Resistance in a power circuit results in voltage losses and less power reaching the load (DC power = voltage × current). For example, the compressor in my Evakool fridge may have starting problems and runs slower when voltage is low.

Voltage loss is a function of current and resistance (Ohm’s law: volts = amps × ohms). Cable resistance is a function of cable length and cross-sectional area (ohms = ohms/m × m; see the cable ratings table above).

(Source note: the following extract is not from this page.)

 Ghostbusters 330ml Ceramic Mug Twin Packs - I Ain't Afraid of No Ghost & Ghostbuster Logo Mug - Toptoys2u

Below are some cable selection tables for both 12 V and 24 V systems. I calculated these tables in five steps:

  1. Calculate maximum cable resistance (ohms/km) from voltage drop, cable length and current.
  2. Calculate minimum copper conductor cross-sectional from cable resistance (using power function fitted to ABYC data, see above).
  3. Calculate ampacity for 75°C insulation and 60°C ambient temerature (using quadratic function fitted to ABYC data, see above).
  4. Upgrade results smaller than 0.5 mm2 to 0.5 mm2.
  5. Upgrade results with ampacity less than the current in Step 1 above.

These cable selection tables specify the minimum conductor area. An appropriate cable can then be selected by reference to the cable ratings table above.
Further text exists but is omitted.